Klagers hebben verzet ingesteld binnen veertien dagen na de dag van verzending van een afschrift van voormelde beslissing van de voorzitter, zodat zij in het verzet kunnen worden ontvangen.

4. De inleidende klacht

In de inleidende klacht verwijten klagers de gerechtsdeurwaarder– samengevat – dat deze te veel geld heeft geïncasseerd, dat weliswaar later is terugbetaald, maar waardoor klagers verder in de problemen zijn geraakt. Voorts is een belofte gedaan om de openbare verkoop van de onroerende zaak in te trekken. Deze belofte is niet nagekomen waardoor er nodeloos kosten zijn gemaakt.

5. De beslissing van de voorzitter

5.1 De voorzitter heeft op de inleidende klacht overwogen dat op grond van het bepaalde in artikel 11 van de Gerechtsdeurwaarderswet op een gerechtsdeurwaarder een zogenaamde “ministerieplicht” rust. Gelet op de door de wetgever aan de gerechtsdeurwaarder verleende monopoliepositie, is deze wettelijk verplicht om uitvoering te geven aan een opdracht tot het uitvoeren van een ambtshandeling zoals het betekenen van een vonnis en het leggen van een beslag.

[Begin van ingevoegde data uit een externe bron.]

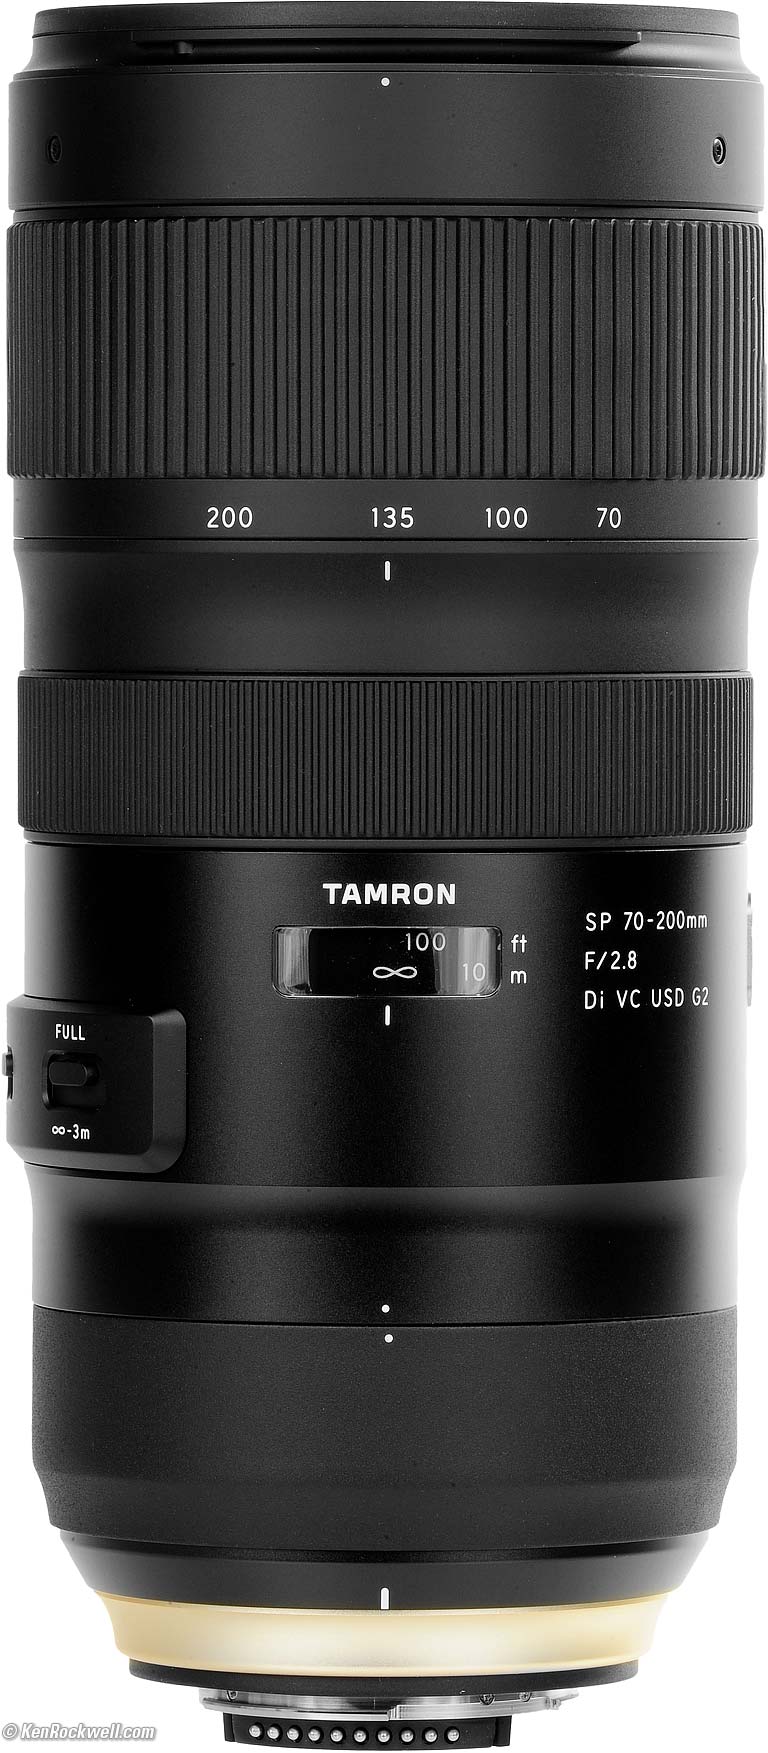 Tamron SP 70-200mm f/2.8 VC G2 Review

5.2 De voorzitter heeft voorts overwogen dat bij een geschil met betrekking tot de (verdere) tenuitvoerlegging van een executoriale titel, waarvan hier dus sprake is, artikel 438 van het Wetboek van Burgerlijke Rechtsvordering een algemene regeling geeft. Op grond van deze bepaling dienen geschillen met betrekking tot de executie, bijvoorbeeld beslagen die volgens klagers nodeloos zijn gelegd, voorgelegd te worden aan de bevoegde (executie)rechter. Het tuchtrecht biedt daarvoor niet de geëigende weg.

6. De beoordeling van de gronden van het verzet

De door klagers in verzet aangevoerde gronden werpen naar het oordeel van de Kamer geen nieuw licht op de beslissing van de voorzitter. Het beslag op de onroerende zaak van klagers is gelegd in november 2008. Gezien het totaalbedrag van de vorderingen was dat geen ongebruikelijke stap. De gerechtsdeurwaarder had er inderdaad beter aan gedaan in zijn verweer te vermelden dat de hypotheekhouder de executie van de woning van klagers op zijn verzoek had aangezegd. Dit maakt overigens niet dat de beslissing van de voorzitter anders had moeten zijn.

De Kamer acht de beslissing van de voorzitter dan ook juist. Het verzet kan niet slagen en dient ongegrond te worden verklaard

7. Op grond van het voorgaande wordt beslist als volgt.

BESLISSING:

De Kamer voor Gerechtsdeurwaarders:

-        verklaart het verzet ongegrond.

Aldus gegeven door mr. C.M. Berkhout, voorzitter, mr. J.H. Dubois en mr. J.J.L. Boudewijn (plaatsvervangend) leden en uitgesproken ter openbare terechtzitting van 27 april 2010 in tegenwoordigheid van de secretaris.

Op grond van het bepaalde in artikel 39, vierde lid, van de Gerechtsdeurwaarderswet staat tegen deze beslissing geen rechtsmiddel open.